1) Ubuntu 18.04.3 LTS (GNU/Linux 5.0.0-23-generic aarch64)
Description: Ubuntu 18.04.3 LTS
Release: 18.04

2) ((enable -proposed archive))
linux-generic-hwe-18.04-edge:
  Installed: 5.0.0.23.79
  Candidate: 5.3.0.12.83
  Version table:
     5.3.0.12.83 500
        500 http://ports.ubuntu.com/ubuntu-ports bionic-proposed/main arm64 Packages
 *** 5.0.0.23.79 500
        500 http://ports.ubuntu.com/ubuntu-ports bionic-updates/main arm64 Packages
        100 /var/lib/dpkg/status
     5.0.0.20.76 500
        500 http://ports.ubuntu.com/ubuntu-ports bionic-security/main arm64 Packages

3)
a. install linux-generic-hwe-18.04-edge/bionic-proposed 5.3.0.12.83 arm64 [upgradable from: 5.0.0.23.79]
b. reboot
c. ssh into the system

4)
a. installed linux-generic-hwe-18.04-edge/bionic-proposed
b. system is stuck in a boot loop

```
linux-generic-hwe-18.04-edge/bionic-proposed 5.3.0.12.83 arm64 [upgradable from: 5.0.0.23.79]
  Complete Generic Linux kernel and headers
```

Revision history for this message
Patricia Domingues (patriciasd) wrote :

adding machine console log after 'sudo reboot':
 https://paste.ubuntu.com/p/wYP45XV8xH/

Revision history for this message
dann frazier (dannf) wrote :

I can reproduce.

Moving to 'linux' package because:
 - linux-meta-hwe-edge is a meta package, it doesn't actually provide the kernel
 - While linux-hwe-edge is the package in which we're seeing the bug, the kernel team actually seems to always track such bugs in the 'linux' package from whence it came (i.e. eoan).

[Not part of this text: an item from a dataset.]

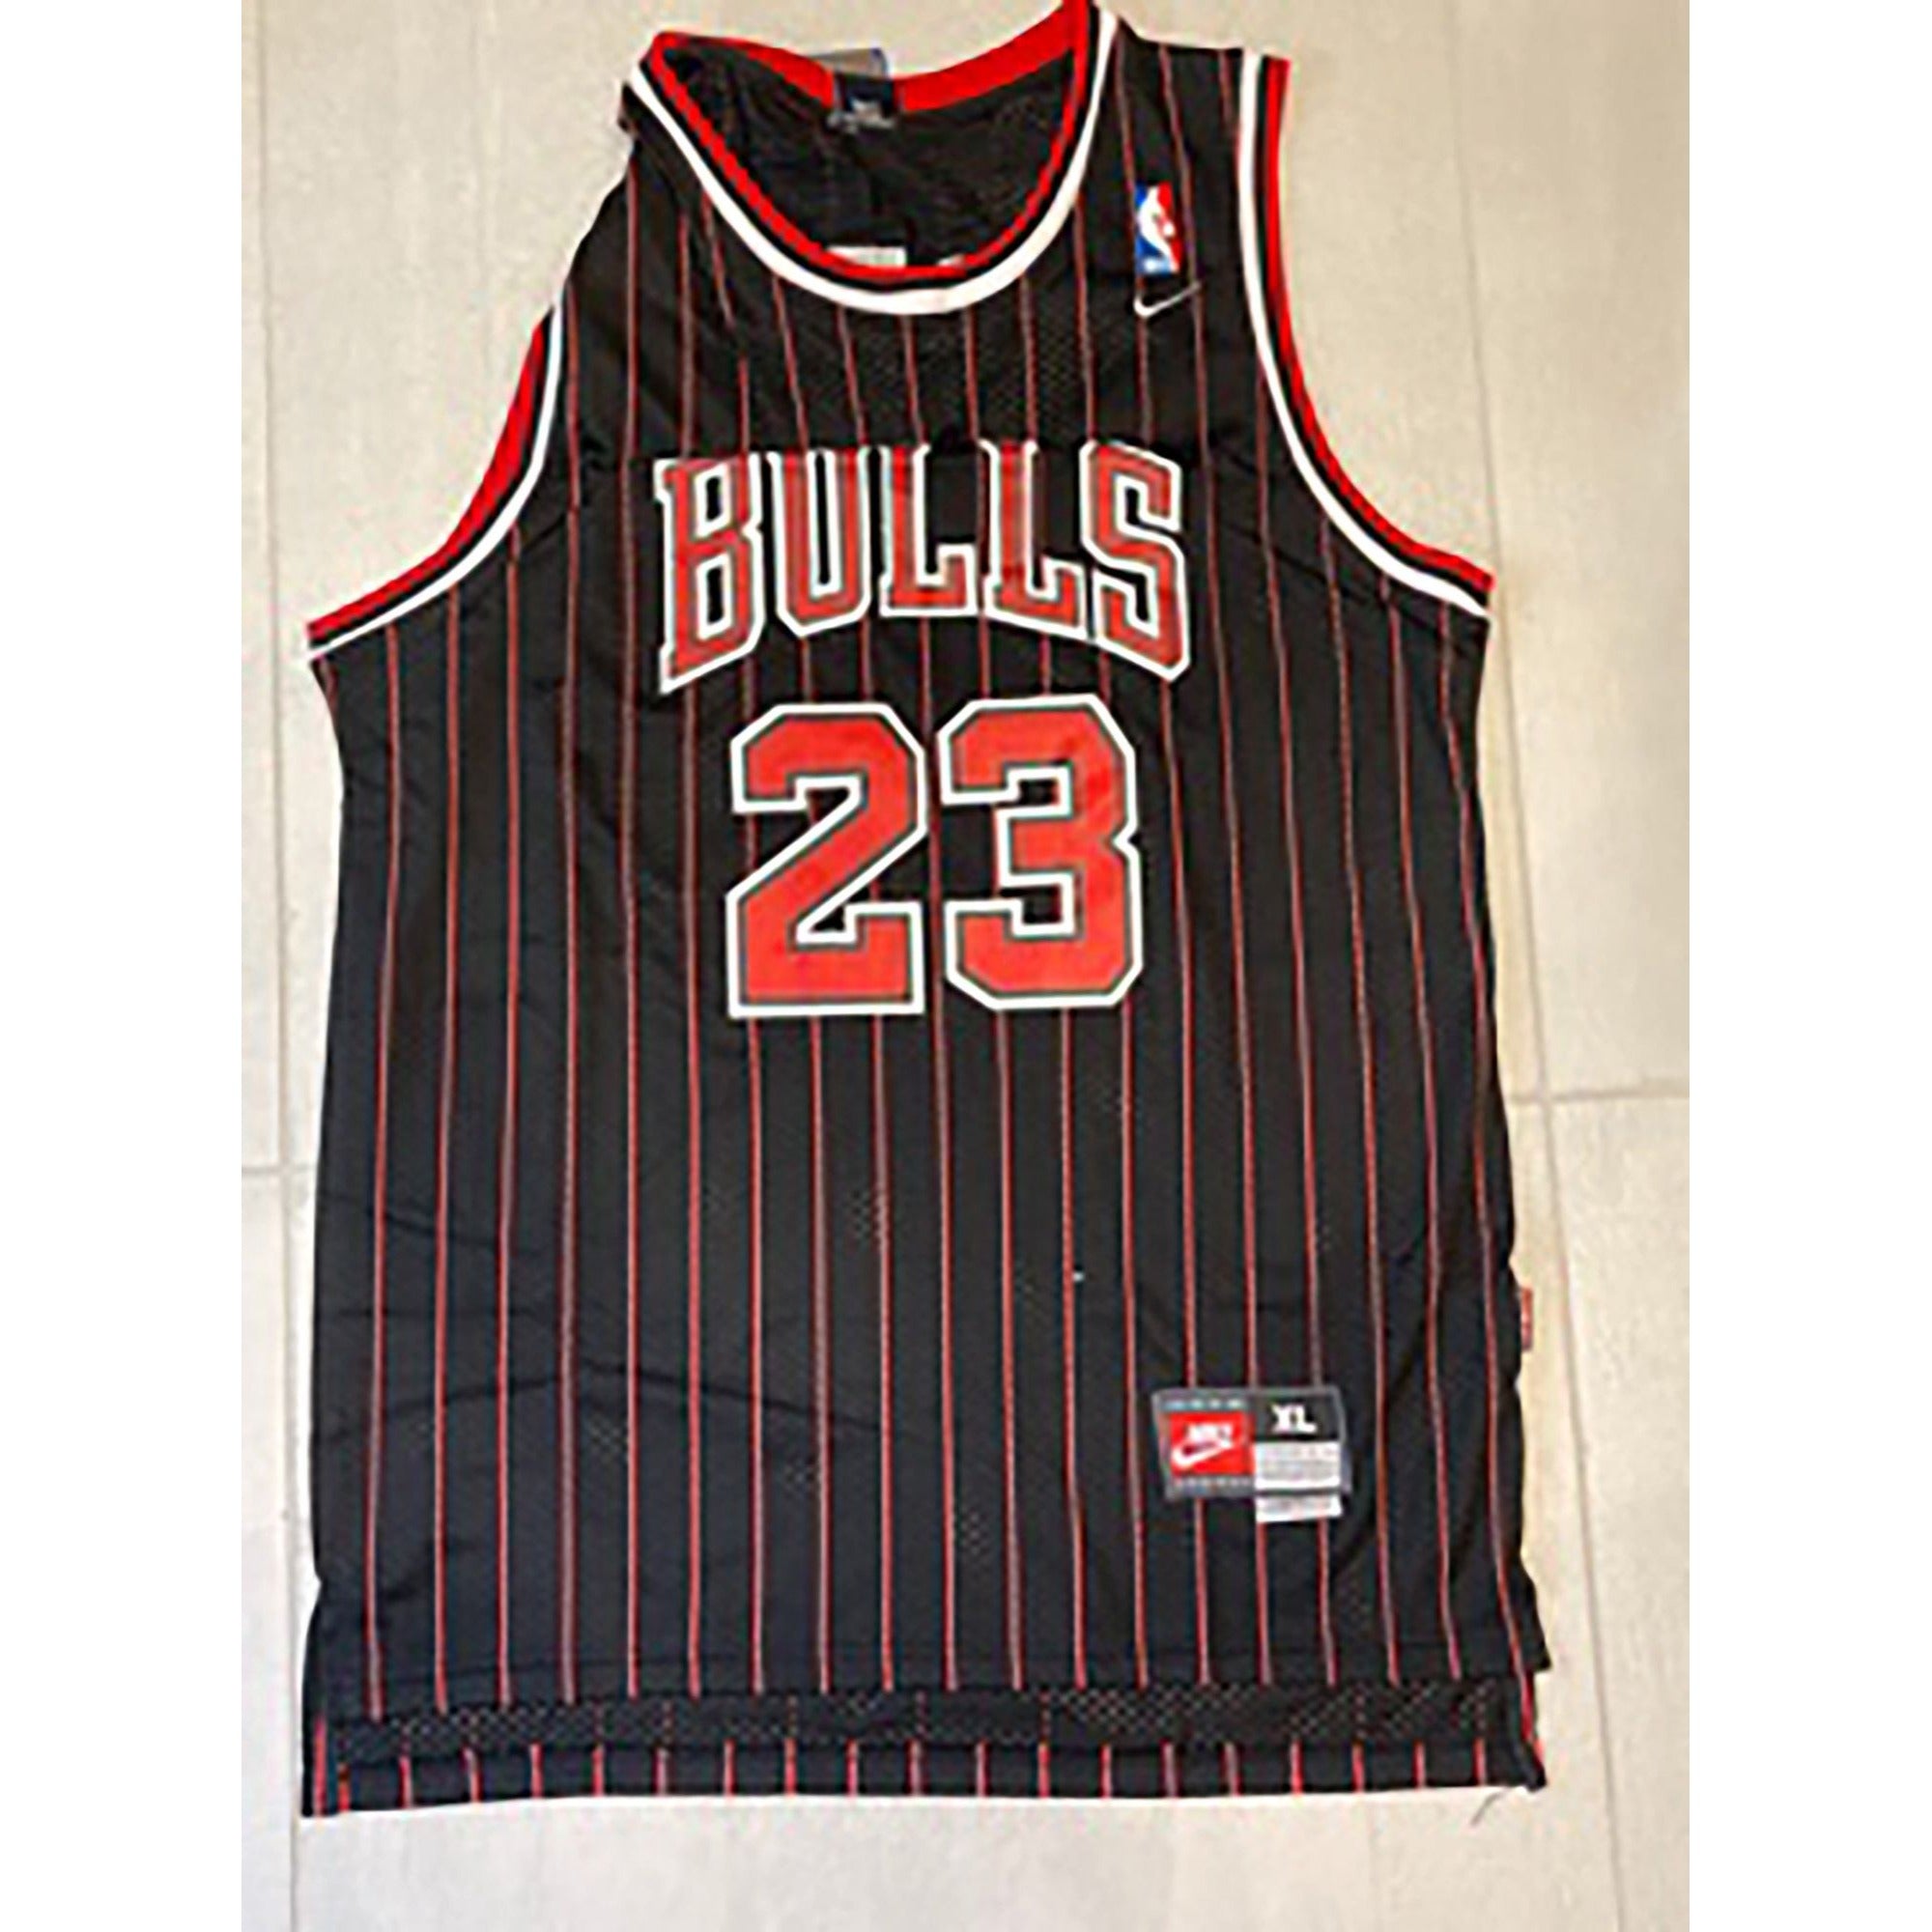 Michael Jordan black jersey signed with proof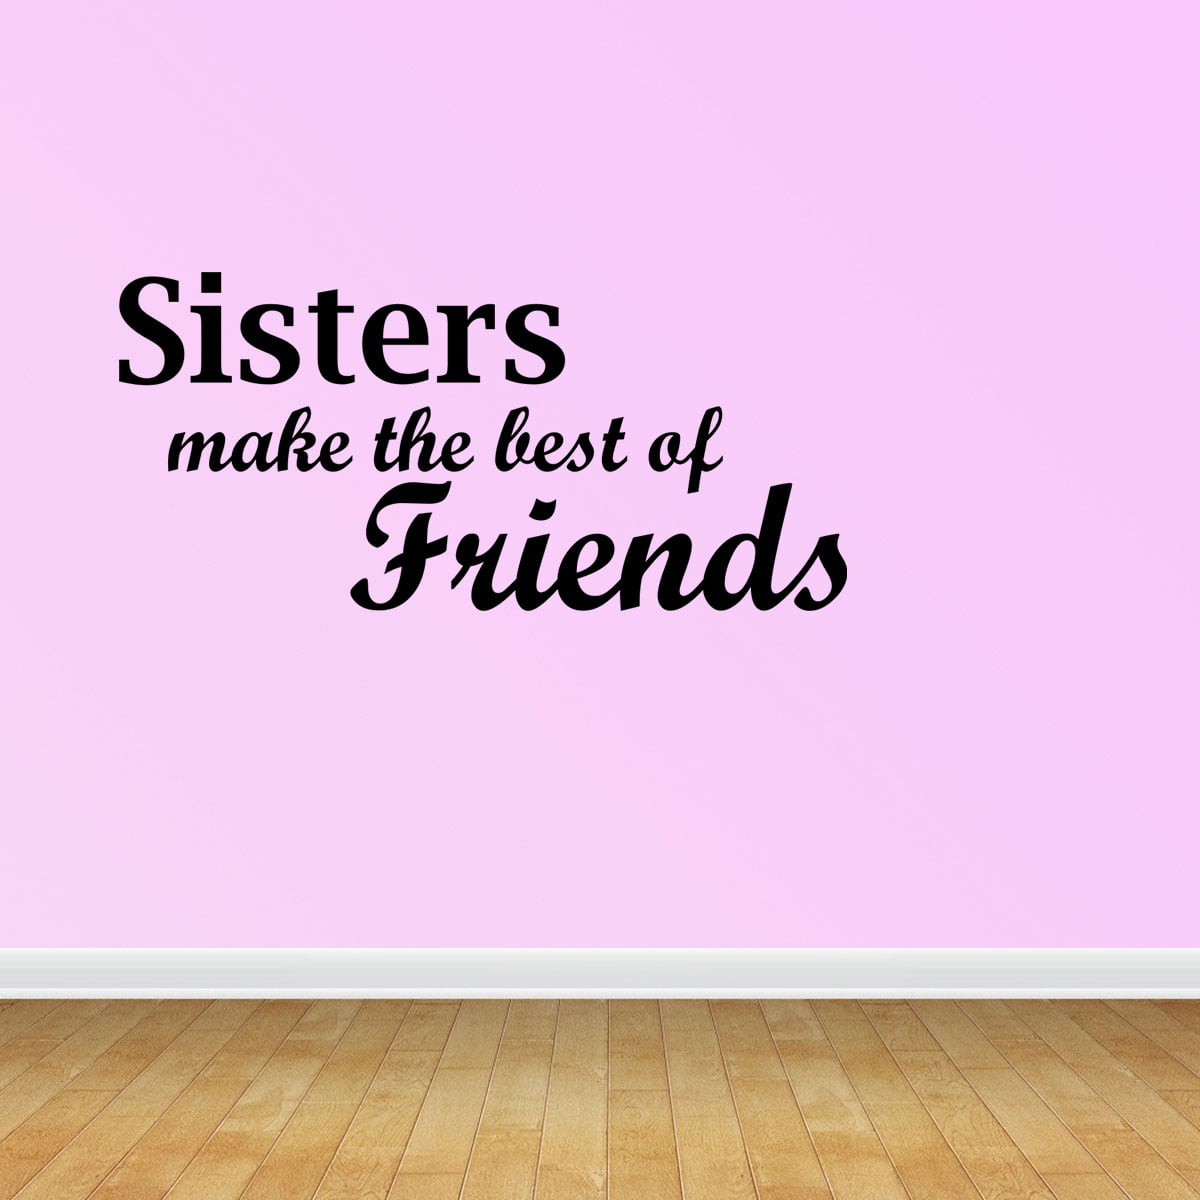 Details about   Sister Definition Decal 'Considered best friend for life' Vinyl Wall Decal

Changed in linux-meta-hwe-edge (Ubuntu):
status: New → Confirmed
Changed in linux (Ubuntu):
status: New → Confirmed
Revision history for this message
dann frazier (dannf) wrote :

I bisected this down to the following commit, which suggests we need a fix for ThunderX IOMMU config, but can consider disabling ARM_SMMU_DISABLE_BYPASS_BY_DEFAULT until then. To confirm, I verified that 5.3 boots fine with arm-smmu.disable_bypass=n on the cmdline.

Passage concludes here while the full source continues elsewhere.